One of the strengths of a hashmap is lightning speed storage (put) and retrieval (get) operations. In more technical terms, they occur in constant time, O(1). This means that regardless of the size of the hashmap or its capacity, a put or a get will return instantly.

However, in the event of collisions, we can no longer guarantee O(1) performance. Because the performance will now be affected by the length of the linked list at a location where there is collision.

Specifically, the time to retrieve an entry will be the constant time to hash to the array index, then the linear time O(n) to iterate over the linked list, where n is the size of the linked list.

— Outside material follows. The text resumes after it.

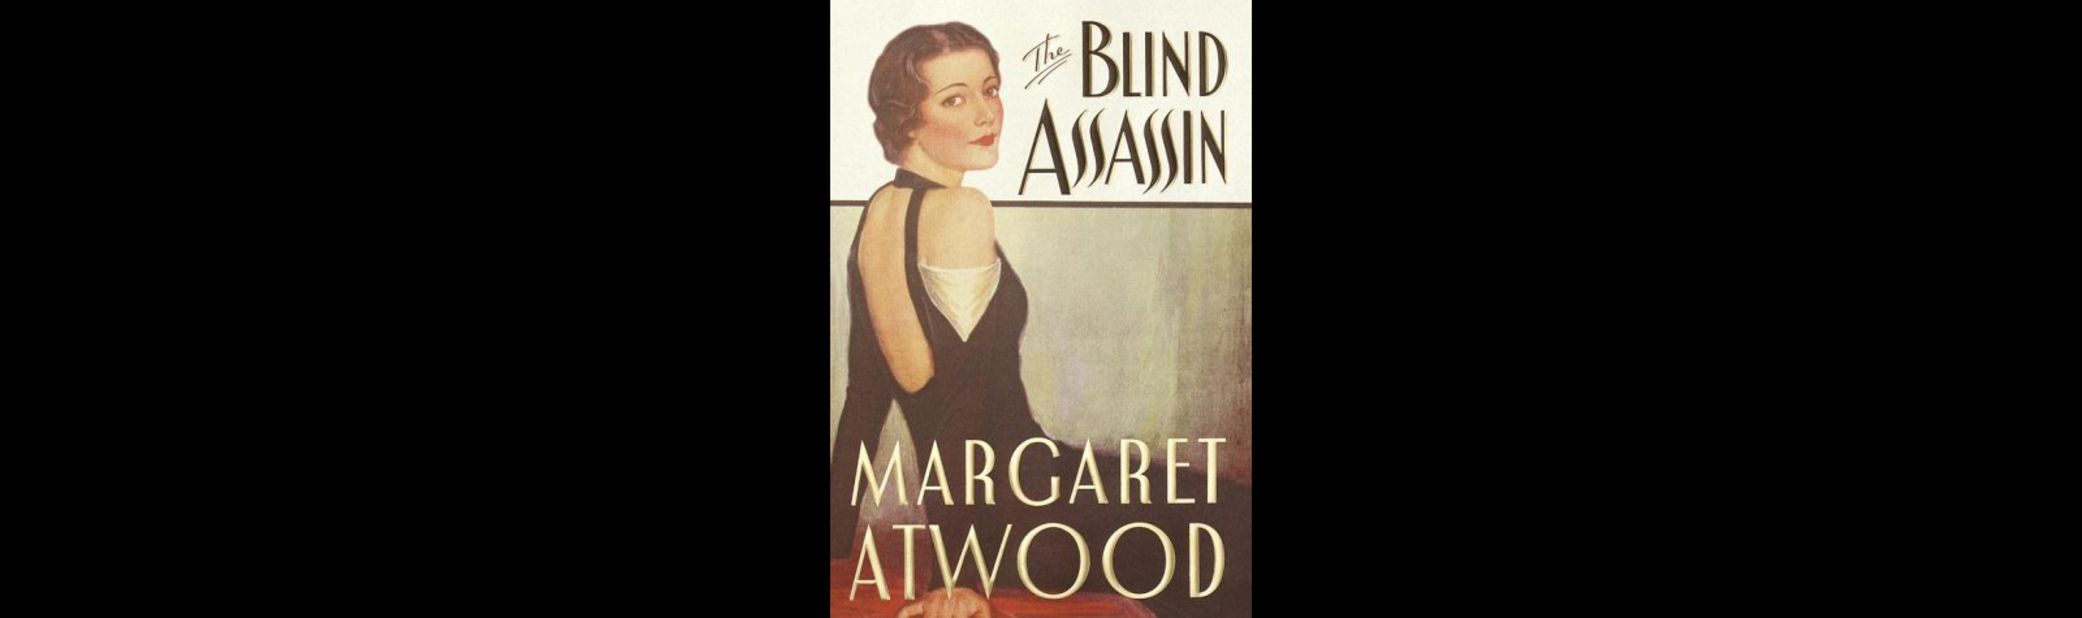 "The Handmaid's Tale" made the big screen and other Margaret Atwood works have been adapted for television, but her 2000 Booker Prize winner, "The Blind Assassin," has yet to make the jump.

We can not do much about this problem, apart from ensuring that the hashmap has a big enough capacity to minimize collisions and if possible, the hash function is good enough to disperse entries with equal distribution across the array.

Load Factor

Load Factor, abbreviated as LF, is the ratio of the hashmap’s size to its capacity. It is a float between 0 and 1 and the default value is 0.75f:

 /** * The load factor used when none specified in constructor. */ 
static final float DEFAULT_LOAD_FACTOR = 0.75f;

The LF is the ratio of the hashmap size (number of entries stored so far) to capacity (total array length regardless of entries) at which a rehash operation occurs. The default LF of 0.75 implies that if our hashmap is initialized with 100 initial capacity, then as soon as we make 75 entries in

The default LF of 0.75 implies that if our hashmap is initialized with 100 initial capacity, then we can make 75 entries in it comfortably. The 76th entry will trigger a rehash. We can use a custom LF by creating hashmap with another constructor which takes LF along side initial capacity:

 HashMap<String, Student> records = new HashMap<>(100, 0.5f);

Through some tests and calculations, it can be proved that in the case of collisions, the average number size of the linked lists in the array is about the same as the LF. We have already seen that collision degrades the performance of hashmap in most operation.

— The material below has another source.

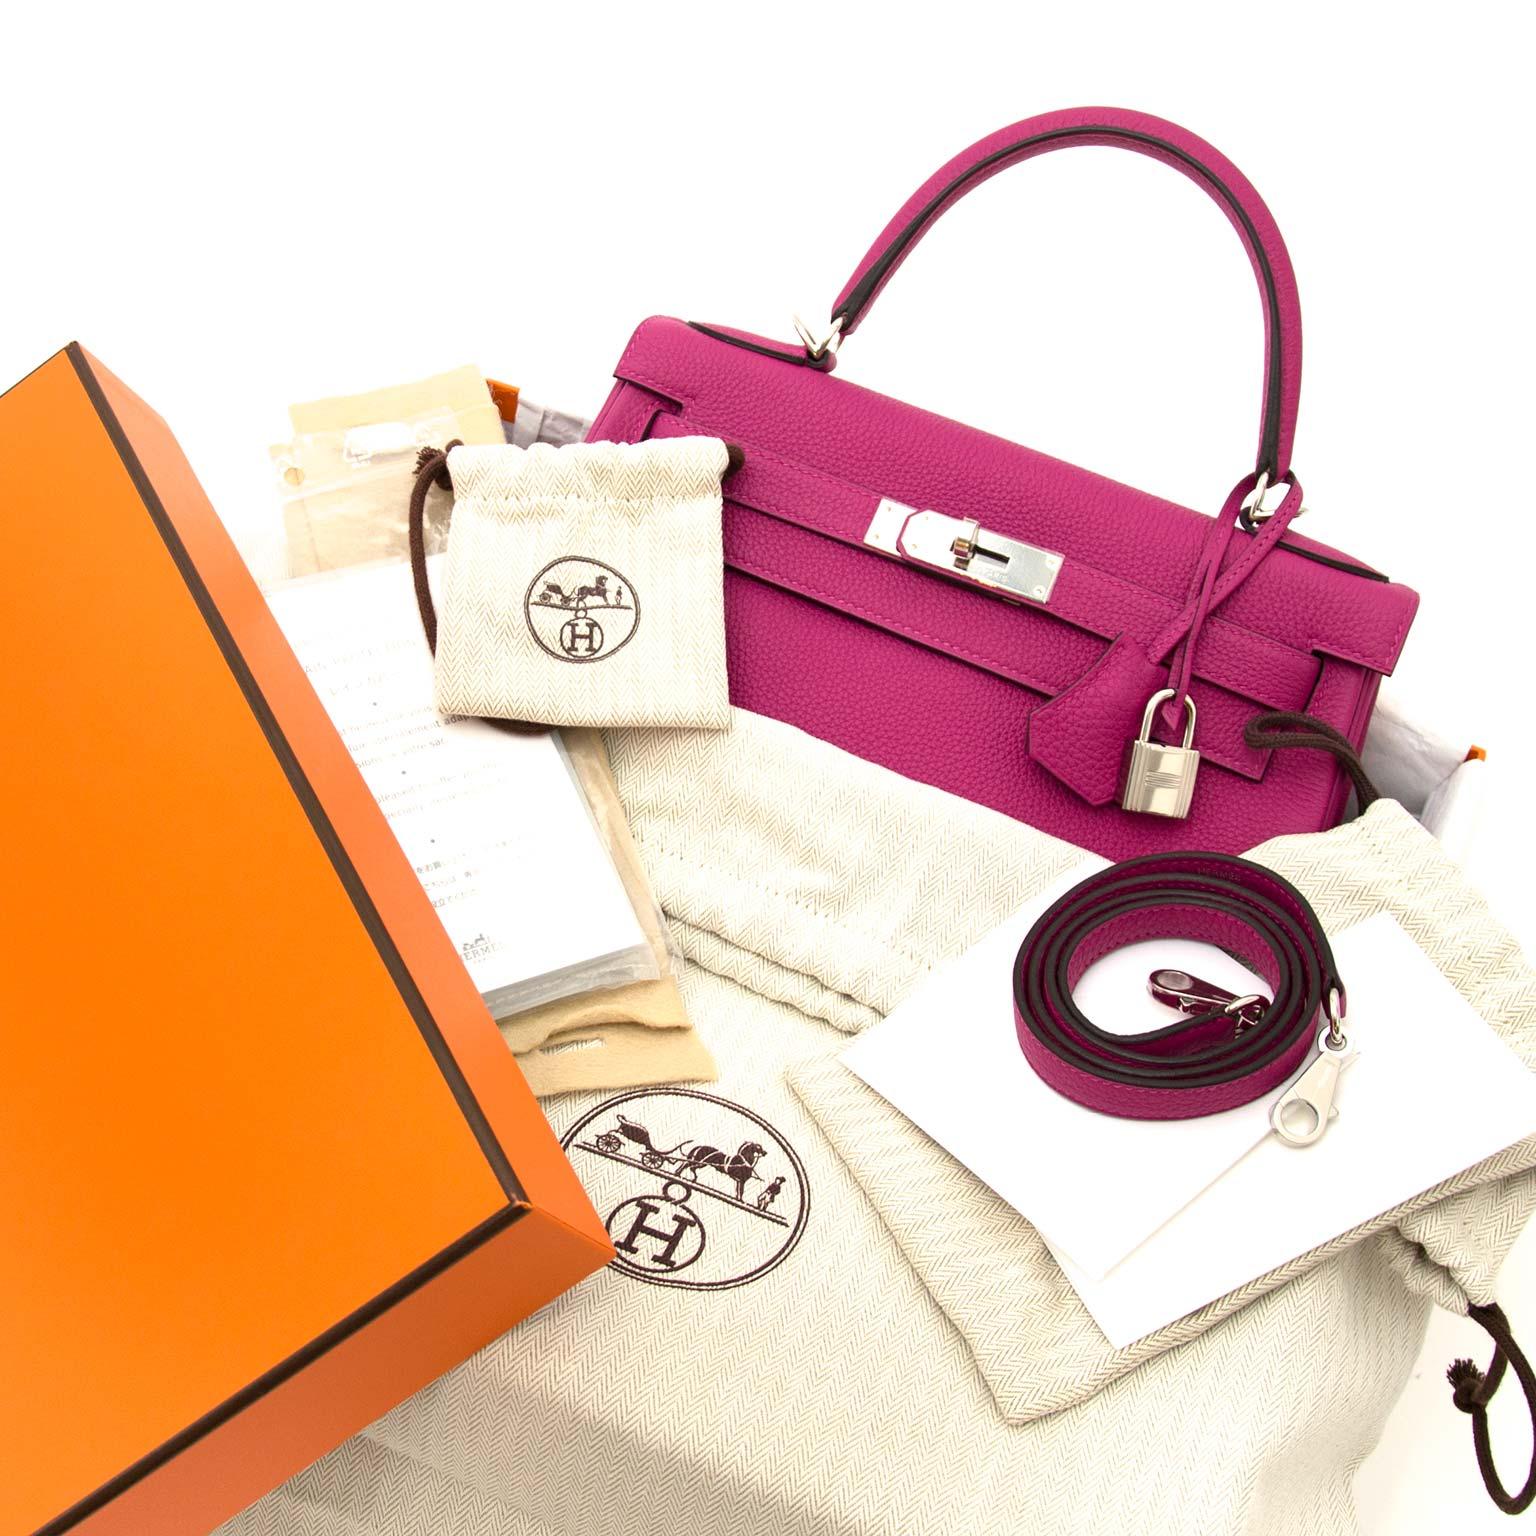 This stunning and eyecatching Kelly bag by Hermès comes in 'Rose Pourpre' Togo leather which is a deep and vibrant purple color.

Togo is a grainy yet smooth leather which keeps its form very well. It's also almost 100% scratch resistant.

Be unique

This can only mean that when LF which is too high, it will degrade performance due to its relationship with the linked list size. When LF is too low, it will also degrade performance due to frequency of rehashes. However, 0.75f offers a good optimum value.

Iteration Performance

Iterating over a hashmap is affected by its size and capacity. Read the preceding sentence again and again until you think you have understood and then realize it’s very confusing and then accept that you need more explanation!

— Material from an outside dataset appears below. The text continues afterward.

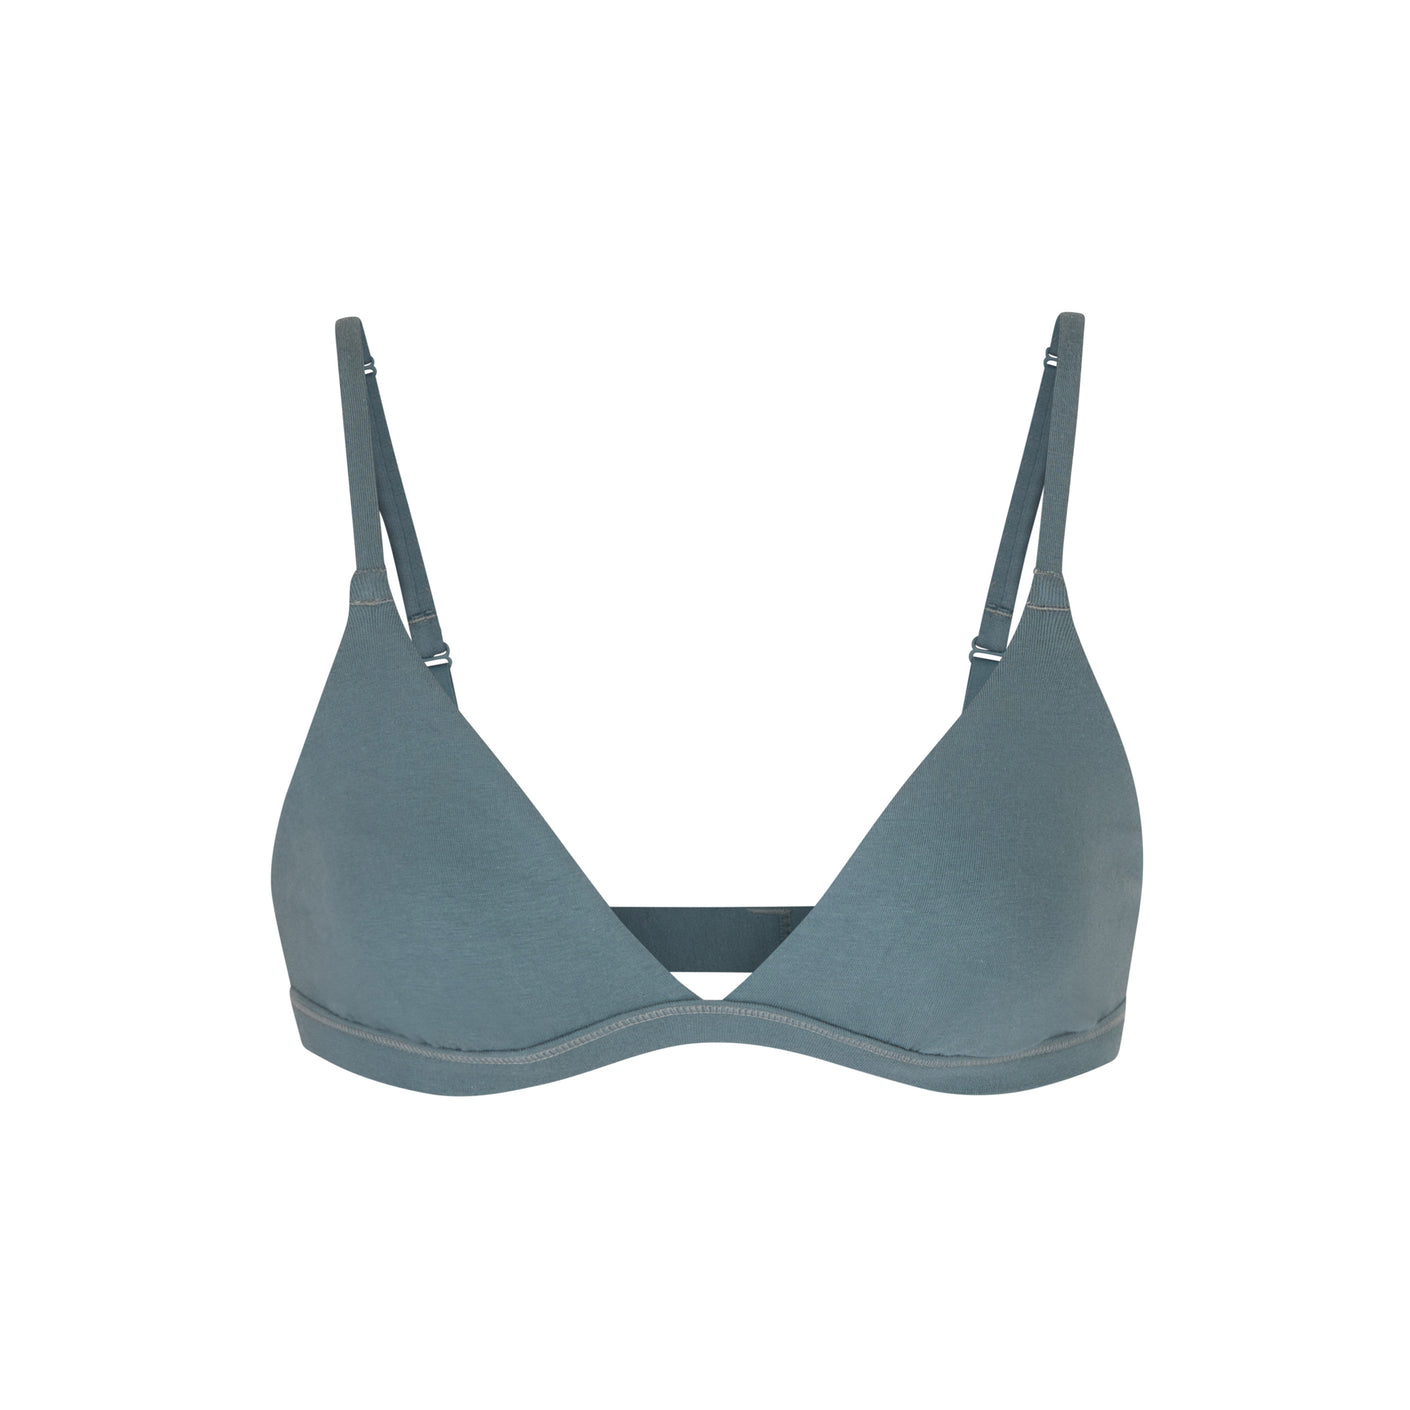 https://cdn.shopify.com/s/files/1/0259/5448/4284/products/SKIMS-BRA-BR-TRI-0267-SEA-FL_e203a3be-d263-4fa2-9866-f4223970c588.jpg?v=1623779751&width=1410&height=1410

The time complexity of hashmap iteration is O(n) where n= capacity + size. This implies that if the hashmap’s initial capacity is 100 and it only has a single entry so far, iteration will still levy a worst case performance time of O(n) where n=101.

To picture this, we need to remember that iteration starts from the beginning of the array and proceeds sequentially to its end. There is no search efficiency in hashmap as there is in binary search trees.

It is possible that the value being searched is close to index 0 in the array, in which case the time will be a fraction of worst case run time. However, as computer scientists, we are better off planning for the worst case scenario.

We also need to remember how hashing works. The first entry in the map may hash to index 95 in the array and the second to index 34, etc. There is absolutely no order.

It is now obvious that a high initial capacity will result in poor iteration performance. This means that we should choose a high initial capacity where we know there will be a lot of entries but little iteration needed.

As we saw in the previous section, LF is approximately the average length of linked lists in the hashmap, so a low LF is a good thing for iteration performance.

Conclusion

In this article, we have explored HashMap class and its internal implementation details that are critical to performance. One should now be able to refactor the initial Bad News snippet to pass as optimized code. Afterall initial capacity is just one of the several implementation details that we have seen in this post.

It is very important to understand these intricacies so that we can become better designers and decision makers.